I don't know the proper term for the coloring, but she surely is beautiful! My Cherub, who is a fantail/feral mix has lots of colors like that.

Terry


----------



## Maggie-NC

Don't know what she is - George may. Anyhow, she is absolutely gorgeous.


----------



## ohiogsp

Thanks, she is pretty.


----------



## mr squeaks

WOW! What a stunning pigeon!!   

Shi


----------



## eric98223

grizzle check?? 

i dont know. nice bird though!!


----------



## trinity

it is a check grizzle.

The face suggests that it is a cross breed of some red coloured homer and a white pigeon. thats it. correct me if i am wrong.


----------



## george simon

*Tiger Color Effect*

HI OHIOGSP, The first thing the band IPB this means INDEPENDENT PIGEON BREEDER. Which many people that do not belong to a regular pigeon club use .many of these people work on color projects. The bird that you have looks to me to be a racing homer that some one was trying to develope a tiger color effect and I would say that he was successful. I have never seen a tiger color effect in the racing homer breed. So the bird that you have is a black tiger racing homer, the tiger effect can come in other colors. .GEORGE


----------



## ohiogsp

Thanks for the info George. Here is anouther pic with her wing open.


----------



## george simon

OHIOGSP, I am glad that you posted that second picture that bird is a grizzle so i was wrong the first time around when you showed the open wing i could see that the feathers that show black are in fact grizzle color type feathers it can be differcult to indentify birds on a photo as one realy needs to have the bird in hand and do things like opening the wing. any way it is a grizzle homer. .GEORGE


----------



## ohiogsp

Ok thanks george.


----------



## Royaltypigeon

Thats the most interesting mottling effect on any grizzle I have ever seen,, Grizzle is my favorite racing birds..
Thanks for sharing,, and btw,, don't let that bird get away,,, hard tellin what he might produce..
Gary H.


----------



## Charis

Absolutely beautiful bird.
Can I have him?


----------



## ohiogsp

She had a young bird this spring that was very different looking. I sold the bird but I wish I would not have now cause she didn't have anouther one like it yet and I thought she would. It looked like it had hawk feathers. Hey, maybe that is how we can keep them away.


----------



## Margarret

George, Is the grizzle where feathers show more than one color on a single feather? My red hen Rosie shows this. She just finished her first moult and I noticed a lot of feathers had both red and white, especially the tail, but is growing back more solid red. I think I have heard this called sugaring. I also have some birds with three colors on a single feather.

Margaret


----------



## mypigeoncoop

It is a Roller


----------



## mypigeoncoop

TAWhatley said:


> Yes, Foy's does sell the IPB bands: http://www.foyspigeonsupplies.com/catalog/2007bands/index.html
> 
> Terry


Can anyone post a picture of what an IPB band looks like


----------



## TAWhatley

mypigeoncoop said:


> It is a Roller


I don't think so .. read all the posts in the thread which is 3 years old.

Terry


----------



## TAWhatley

mypigeoncoop said:


> Can anyone post a picture of what an IPB band looks like


IPB, AU, and IF bands all look pretty much the same .. they are aluminum bands with a clear plastic coating. I don't have a picture handy. Why are you asking?

Terry


----------



## pattersonk2002

*band*



mypigeoncoop said:


> Can anyone post a picture of what an IPB band looks like



You can see the band on the leg of the bird in the picture. His is green, I have an 08 that looks the same but is white.

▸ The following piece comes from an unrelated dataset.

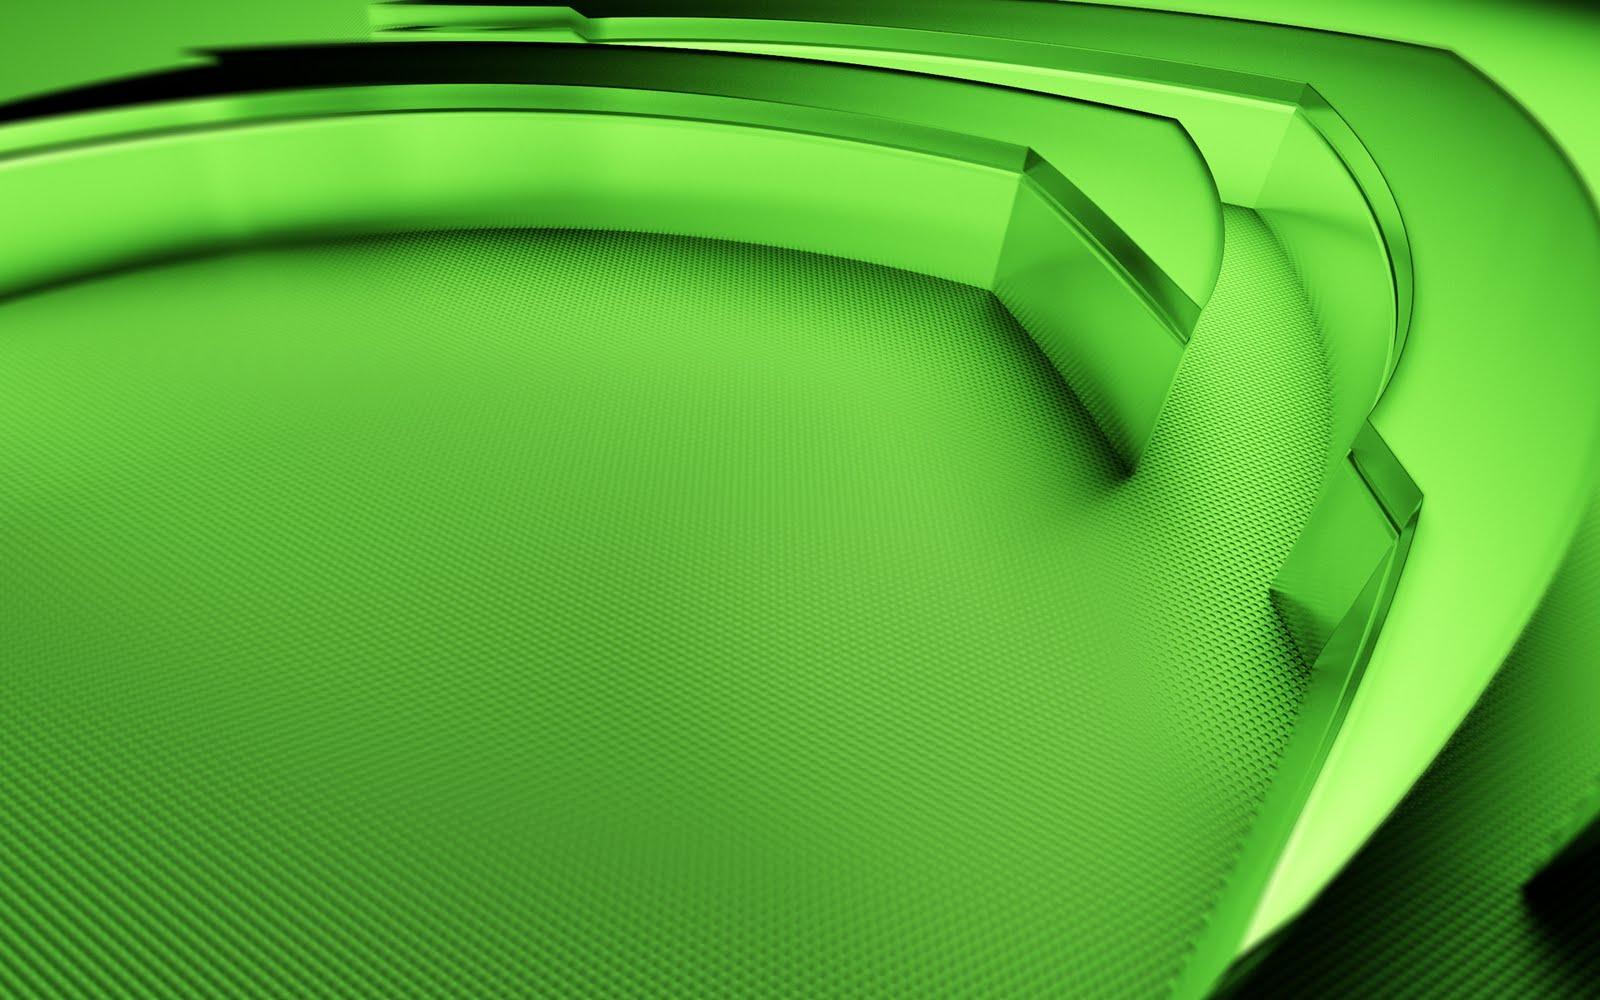 Nickname   nVidea 3D Green Logo Wallpaper Resolotion   1600x1000 1600x1000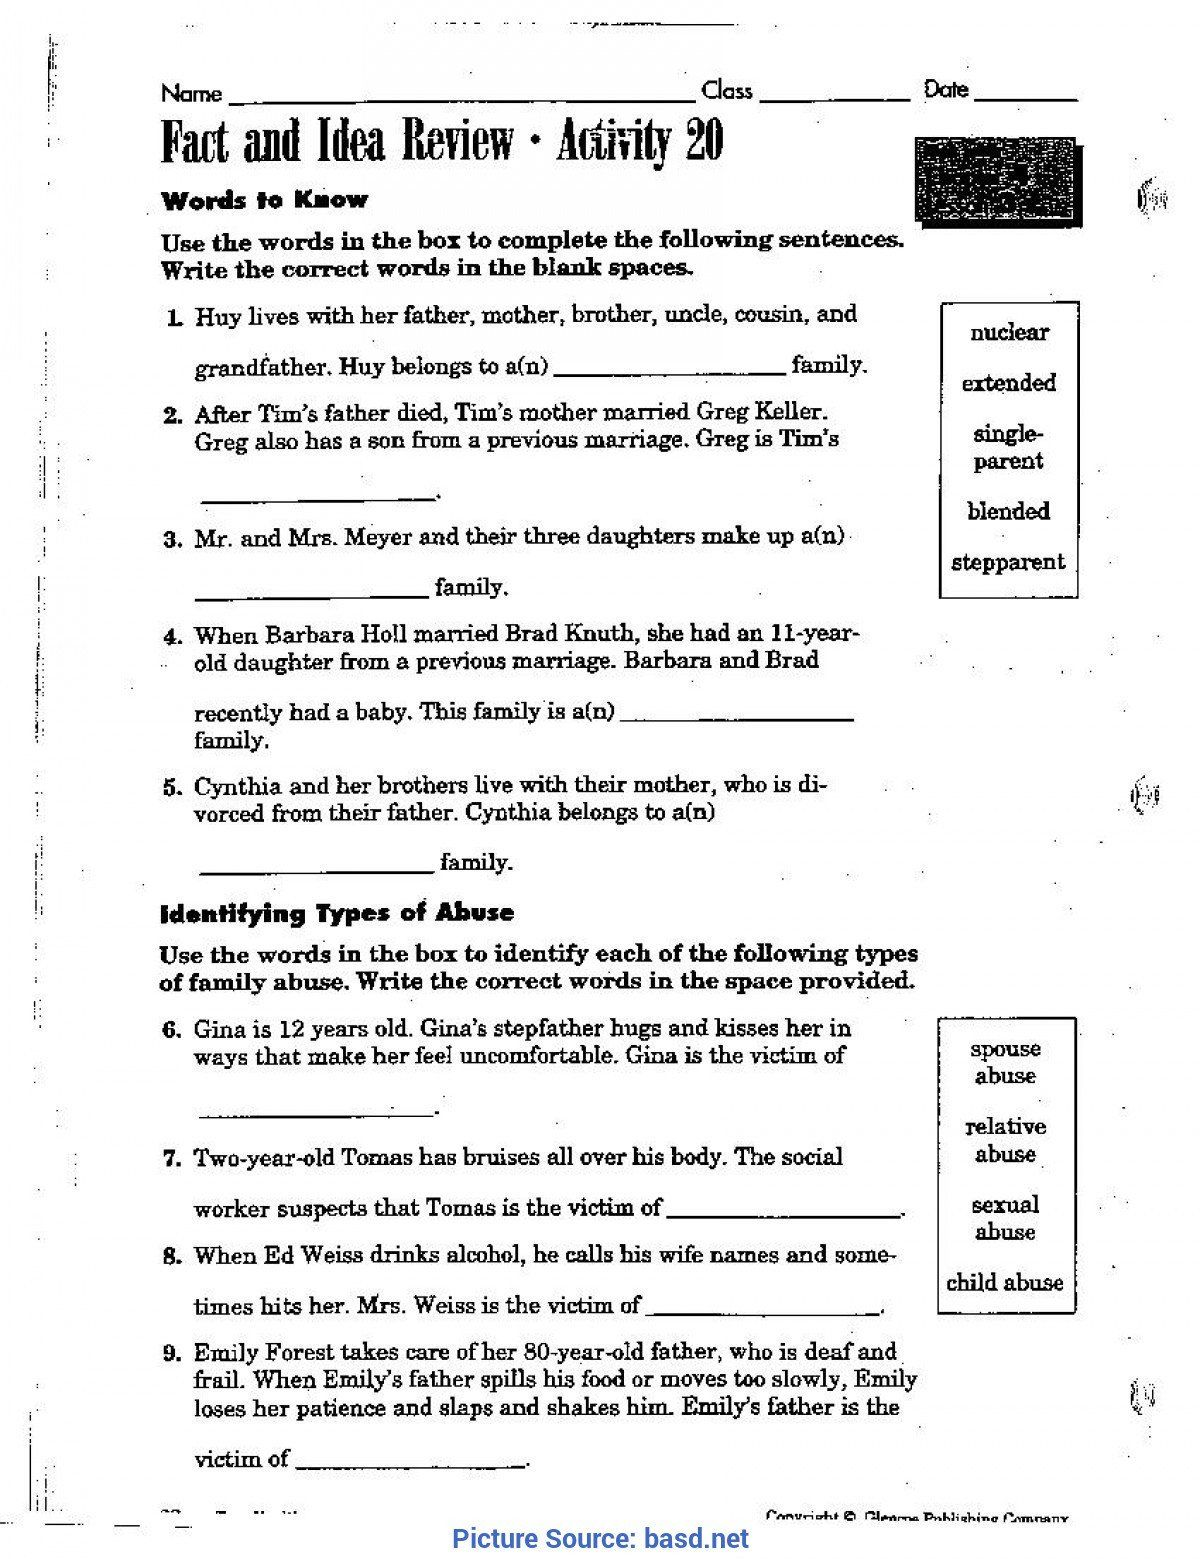 3rd Grade Health Worksheets Plex 3rd Grade Health Lesson

That truly is a prety looking bird and I liked the name Tiger better but grizz will do. I was wondering since the thread has been reserected did you ever get any offspring that look like this. >Kevin


----------



## M Kurps

TAWhatley said:


> IPB, AU, and IF bands all look pretty much the same .. they are aluminum bands with a clear plastic coating. I don't have a picture handy. Why are you asking?
> 
> Terry


My AU bands are plastic. This years IPB bands are white also patterson. I posted a pic of an IPB band on my album cover on my profile page although it is still on a bird.
Kurps


----------



## ValencianFigs

All I have to say is that the bird is beautiful


----------



## mypigeoncoop

That is a Roller pigeon, its what the R stands for. I have one that looks the same.


----------



## mypigeoncoop

TAWhatley said:


> IPB, AU, and IF bands all look pretty much the same .. they are aluminum bands with a clear plastic coating. I don't have a picture handy. Why are you asking?
> 
> Terry


Because I want to know what design they have, can you please send them to me?


----------



## MaryOfExeter

Even if it is banded with a R band, it is still a homer. Most definitely not a roller. They are only one mm smaller than the homer bands, which have the letter B.


----------



## Phil Eyko

I have a bald headed roller with the same IPB R band. Mine is 2005.


----------



## Mama Birdie

*It's a tortoiseshell*

The tail tells us it is a blue. Obviously it's a grizzle. And there is a red factor at play. A tortiseshell phenotype results from a blue check/t-pattern that is heterozygous for grizzle & heterozygous for bronze/recessive red. The origional poster's tortoiseshell looks homozygous for grizzle. I'm not sure if both bronze AND recessive red are needed or if just one produces the effect. But the result is beautiful. (Learnimg about it while trying to figure out what color some of my birds are. It seems that I have 2 normal tortoiseshells & one homozygous grizzle tort.)


----------



## Chuck K

*Old Thread*

Mama Birdie, this post has to be some kind of record. This thread is almost nine years old. 

After reading through it I do want to make a comment for those that are still around.

An IPB R series band will not fit on a Racing Homer. The bird in the picture is a Tiger Grizzle Racing Homer. The post referring to the R series IPB band was not referring to the band on the bird pictured.


----------



## Mama Birdie

When I google pigeon health/color/etc info, google always shows me very helpful old PigeonTalk threads. The info on this forum is very valuable. I'm sure I won't be the last one to stumble across this thread


----------



## Chuck K

*Old posts*

The search on this site will bring up old ones too. I see people reply to old posts frequently. The only problem is that many times the folks that started and commented in the past are no longer around, but then too newer folks that never saw the older posts get to read and comment.

It's all good.


----------